Environment Setup
There are 2 main steps for Personalizer environment setup.
- Mapping creation for product catalog
- Mapping creation for user behavior data (Optional)
- Index creation
Below, we will go through each step in detail.
Mapping creation product catalog
What is mapping?
The personalization engine relies on specific default keys to operate effectively. To integrate your item catalog with our solution, you must align your website's data source keys (e.g., item_name, item_description, tags, ingredients, category) with the keys of the GAIP personalization engine through mapping. This alignment enables the personalizer to understand and process your data accurately. Following the schema correctly is crucial for the successful mapping and functioning of the personalization system.
Endpoints
To create, update and view the mapping, use endpoints listed under Catalog Mapping
in the
sandbox.
GET /v1/mappers
gets an existing Mapper.PUT /v1/mappers
updates an existing Mapper.POST /v1/mappers
creates a new mapper.
Creating a new mapper
To set up mapping for project, use the endpoint POST /v1/mappers
.
Here is an example request body below:
{
"key_map": {
"item_id": "item_id",
"parent_item_id": "string",
"title": "title",
"second_title": "string",
"third_title": "string",
"fourth_title": "string",
"availability": "availability",
"description": "string",
"image_url": "string",
"image_url_type": "STR or LIST_STR or LIST_DICT or DICT",
"item_url": "string",
"price": "price",
"categories": [
{
"name": "category_1",
"separator": "_"
},
{
"name": "category_2",
"separator": ""
}
],
"flag": [
"condition"
],
"average_rating": "string",
"user_ratings_total": "string",
"custom": [
{
"name": "colum3",
"data_type": "FLOAT"
},
{
"name": "column4",
"data_type": "INT"
}
],
"item_nearby_calculation": false,
"keywords_group_by": "string",
"gpt_enabled": false,
"search_settings": {
"prioritize_key": "title",
"prioritize_category": "tags",
"prioritize_values": [
"value_1",
"value_2"
],
"prioritize_flags": {
"flag1": true
},
"downgrade_values": [
"value_1",
"value_2"
],
"keyword_ngram": 1,
"depth": 3,
"cluster_size": 100,
"is_keyword_enabled": true,
"top_k": 1
}
}
}
Lets go through the parameters:
- item_id: This is the unique identifier for each of your items in the catalog. This could be the item ID, item name, slug etc.
- parent_item_id: The can be an ID that groups related items under a single identifier. Such as Different sizes or colors of a t-shirt, or different flavors of a beverage item.
- title: This is the title of the products.
- second_title: Secondary titles
- third_title: Other title if applicable. Your products can have different attributes that you can map here. This might be useful later for generating recommendation or search results.
- fourth_title: Refer to description of third_title
- availability: This should map with the parameter that shows if an item is available or not.This has to be a boolean value.
- description: Represents detail product description.

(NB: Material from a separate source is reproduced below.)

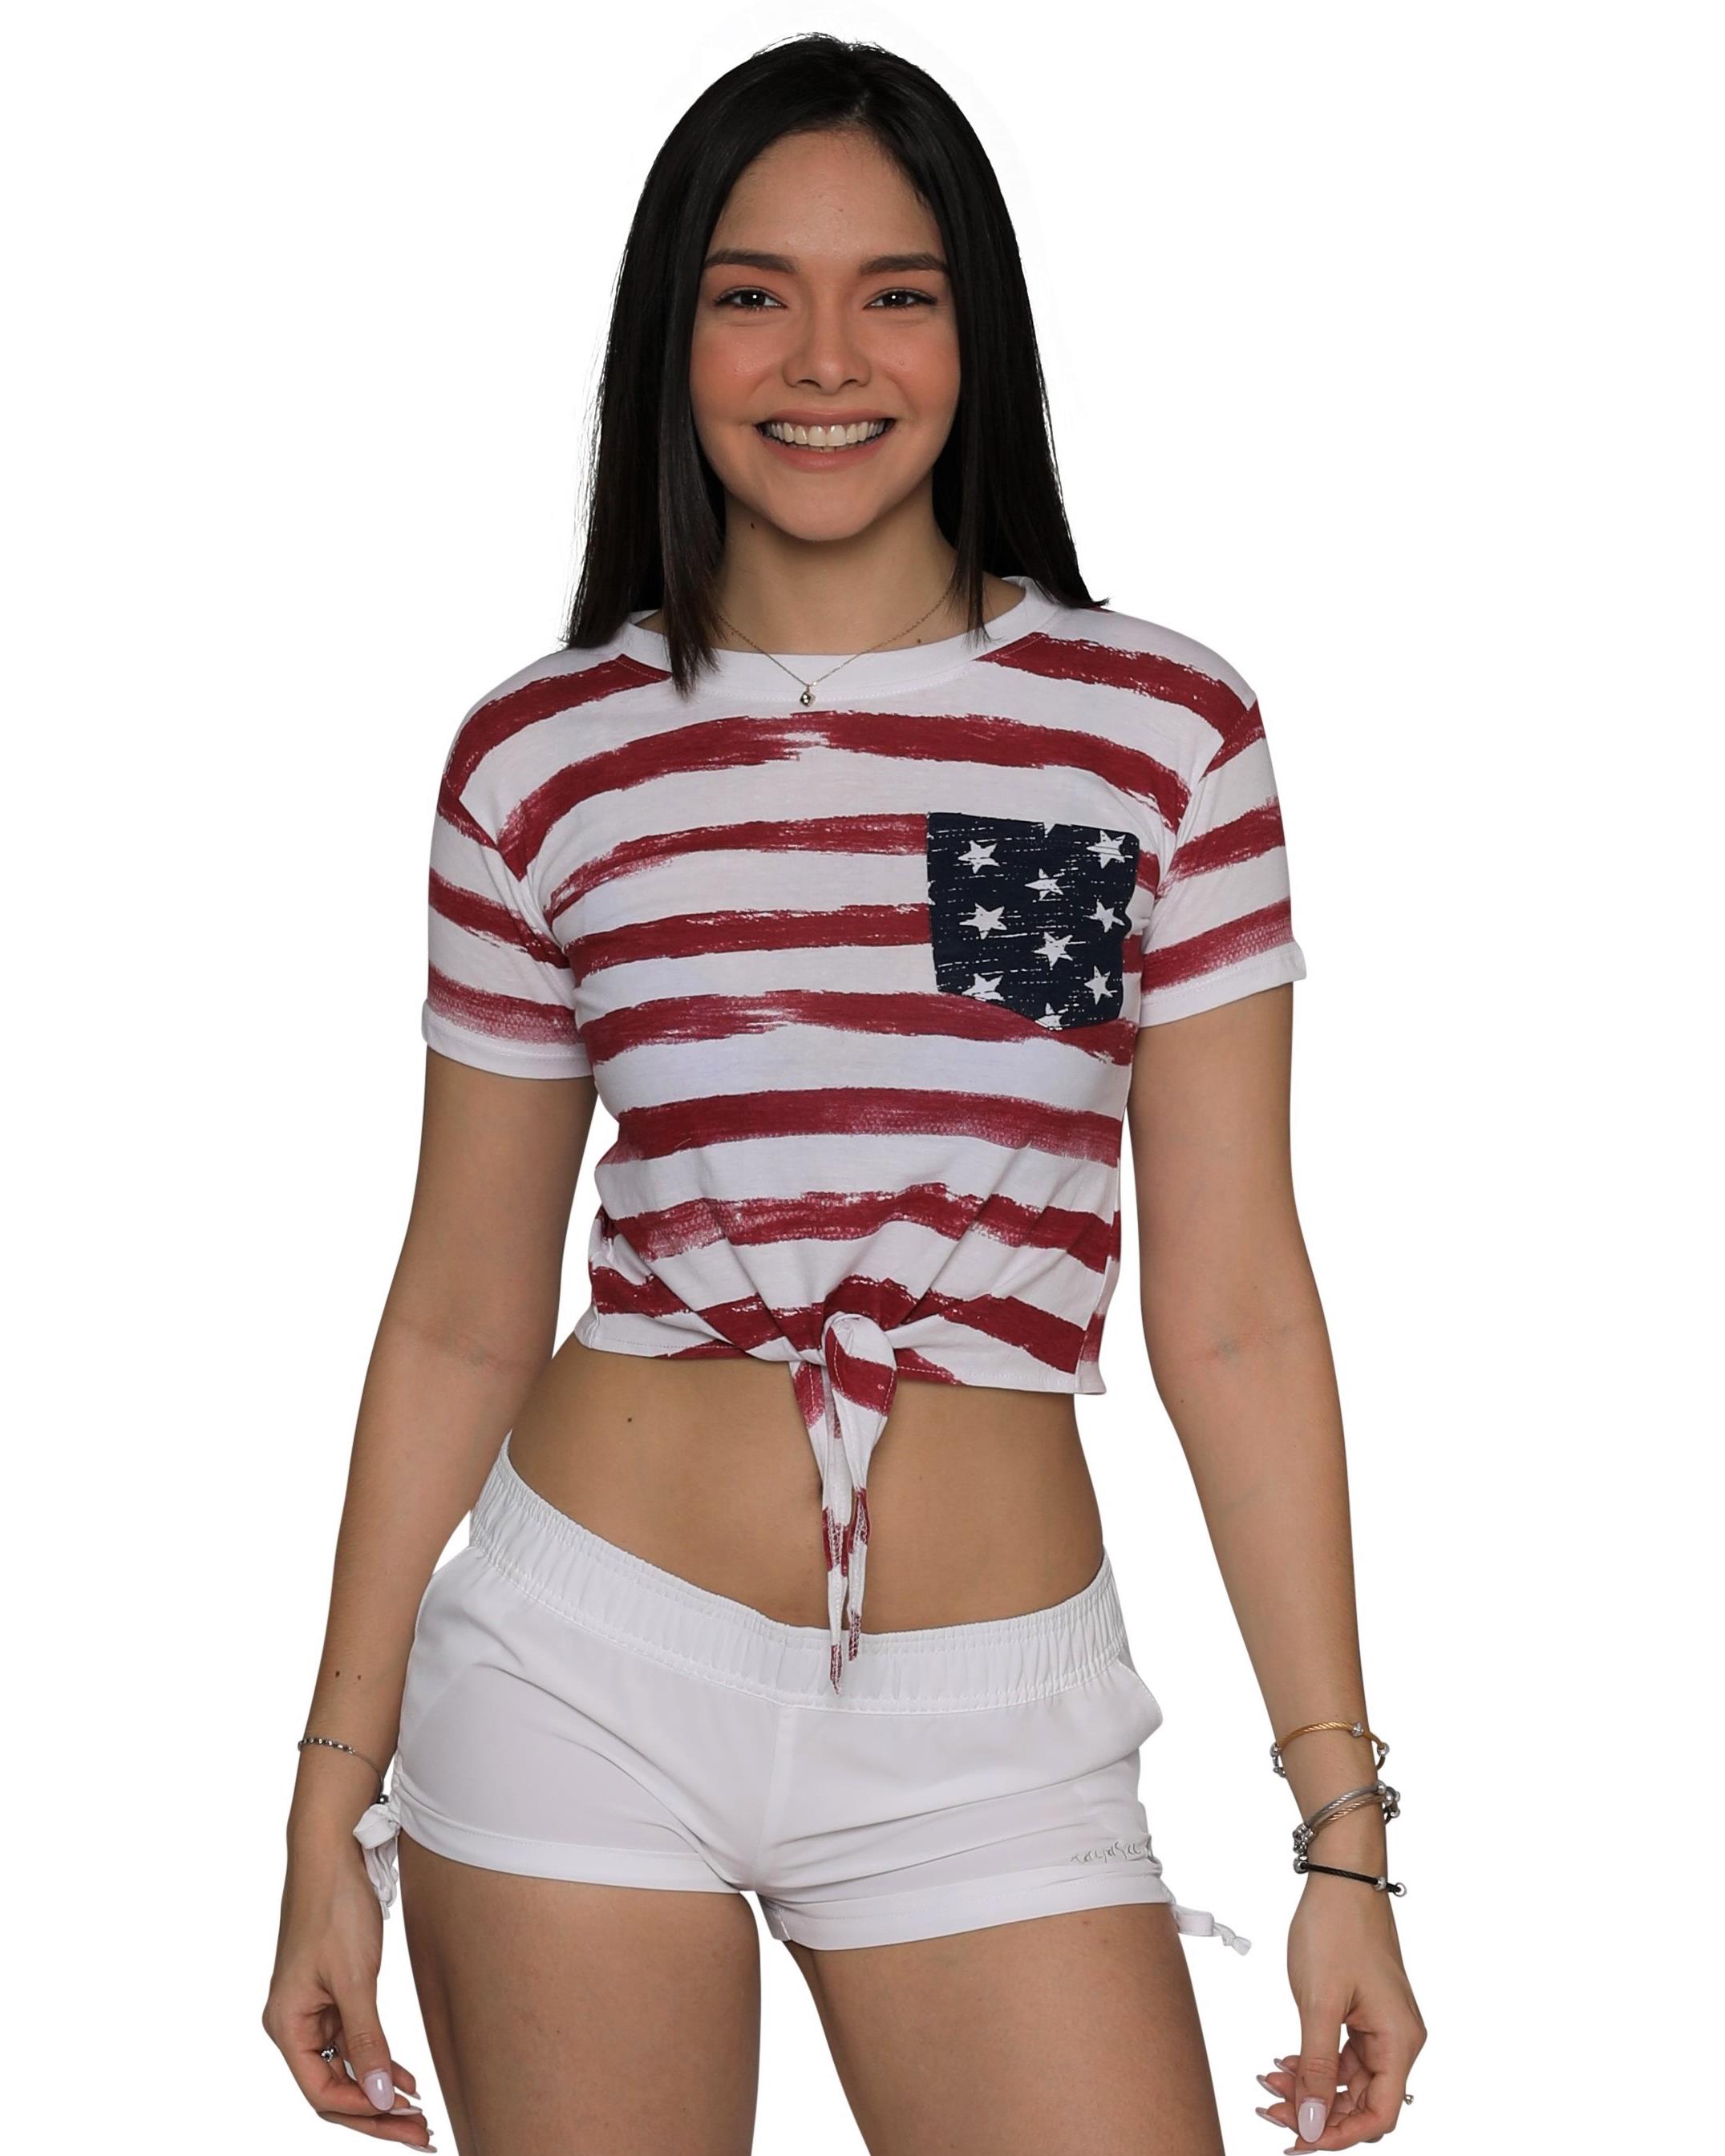 U.S. Vintage Knot Front Cuffed Sleeve / Sleeveless Stars and Stripes Crop Top Tee USA Patriotic T-Shirt, Stripes, Size: X-Small - image 1 of 2

- image_url: Represents image url of your data source. This is needed if you want to use image related end points such as image search or recommend based on image similarity.

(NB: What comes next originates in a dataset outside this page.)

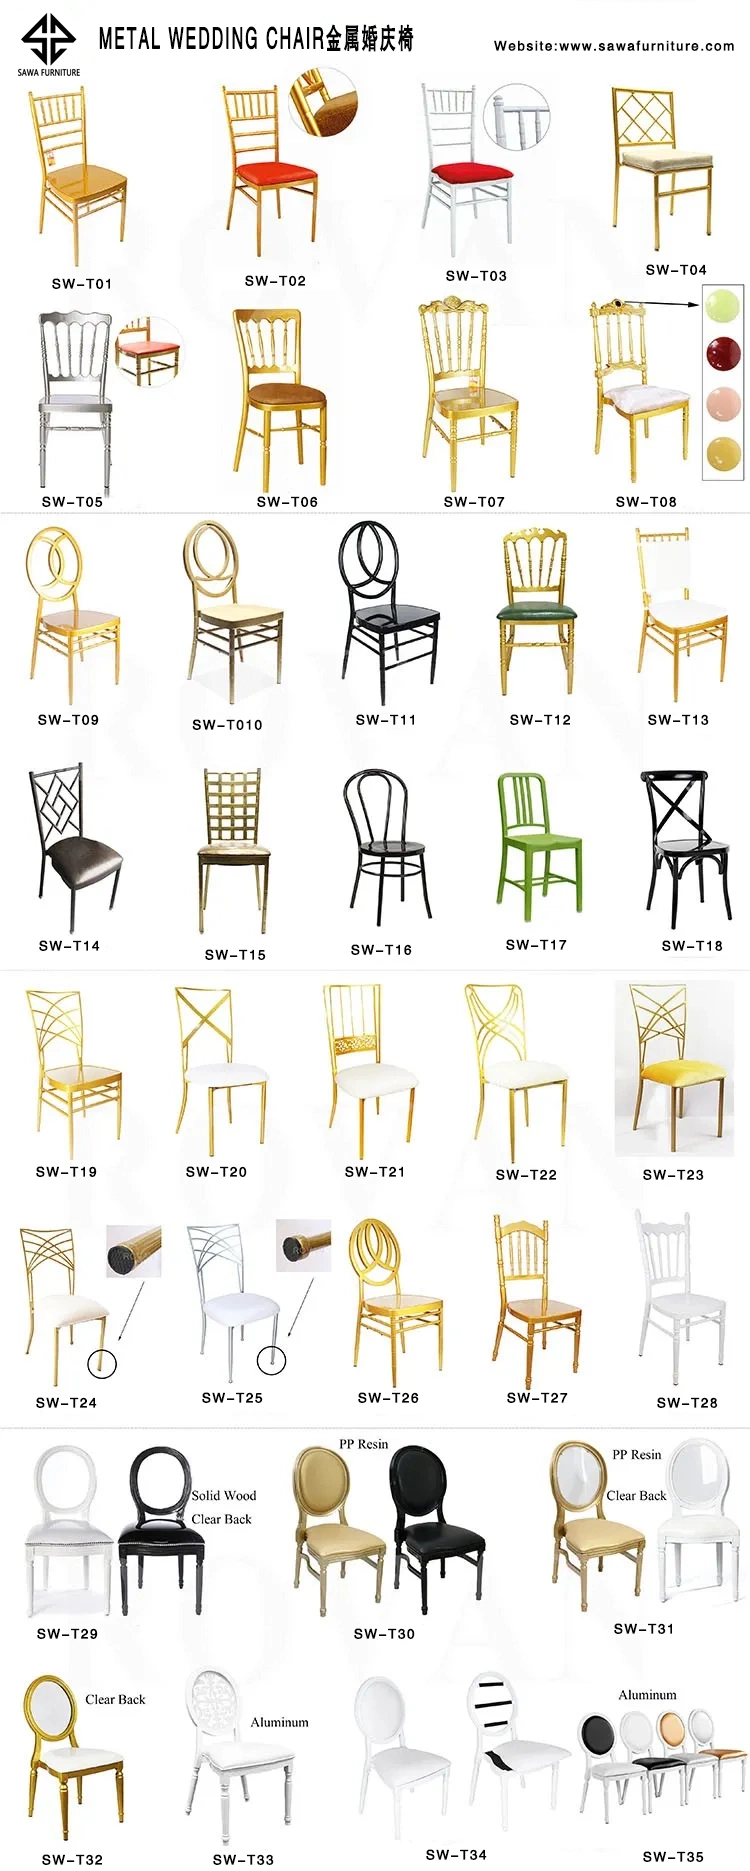 Chic Nautical Director&prime;s Chairs with Durable Canvas Back and Seat, Perfect for Beach Weddings and Oceanfront Venues

- image_url_type: STR or LIST_STR or LIST_DICT or DICT.
- item_url: Represents your product or item details page url.
- price: Represents the item price.
- categories: Defines parameters for categorizing items. Multiple category types can be added, impacting dynamic filtering in search results. This parameter accepts values as
List[Dict[str, str]]
. - flags: Only boolean values can be mapped here. Use this for flags in your catalog, such as items on sale, featured items, free items, discontinued items, new arrivals, or bestsellers.

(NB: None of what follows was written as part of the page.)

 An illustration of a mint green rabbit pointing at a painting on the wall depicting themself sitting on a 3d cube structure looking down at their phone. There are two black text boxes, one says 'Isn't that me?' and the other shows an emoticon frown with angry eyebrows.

- average_rating: This represents the average rating of an item based on user reviews.
-
user_ratings_total : The total number of user ratings an item has received.
-
custom: Any int, float or string can be mapped here that was not covered.
- item_nearby_calculation: Keep this false unless you are going to user the personalizer for location recommendation. This parameter helps with location based search (lat, long based)
- keywords_group_by: The purpose of this is to generate groups of categories that has relationship with each other. The response of
GET /v1/categories/keywords
end point can be used to build dynamic navigation from the catalog data. A category key that is a parent of others should be set here. - gpt_enabled: True if you want GPT functionalities enabled in your project, otherwise, false.
Parameters under search_settings
impacts how the POST v1/items/search
endpoint will behave. Find explanation of each key below.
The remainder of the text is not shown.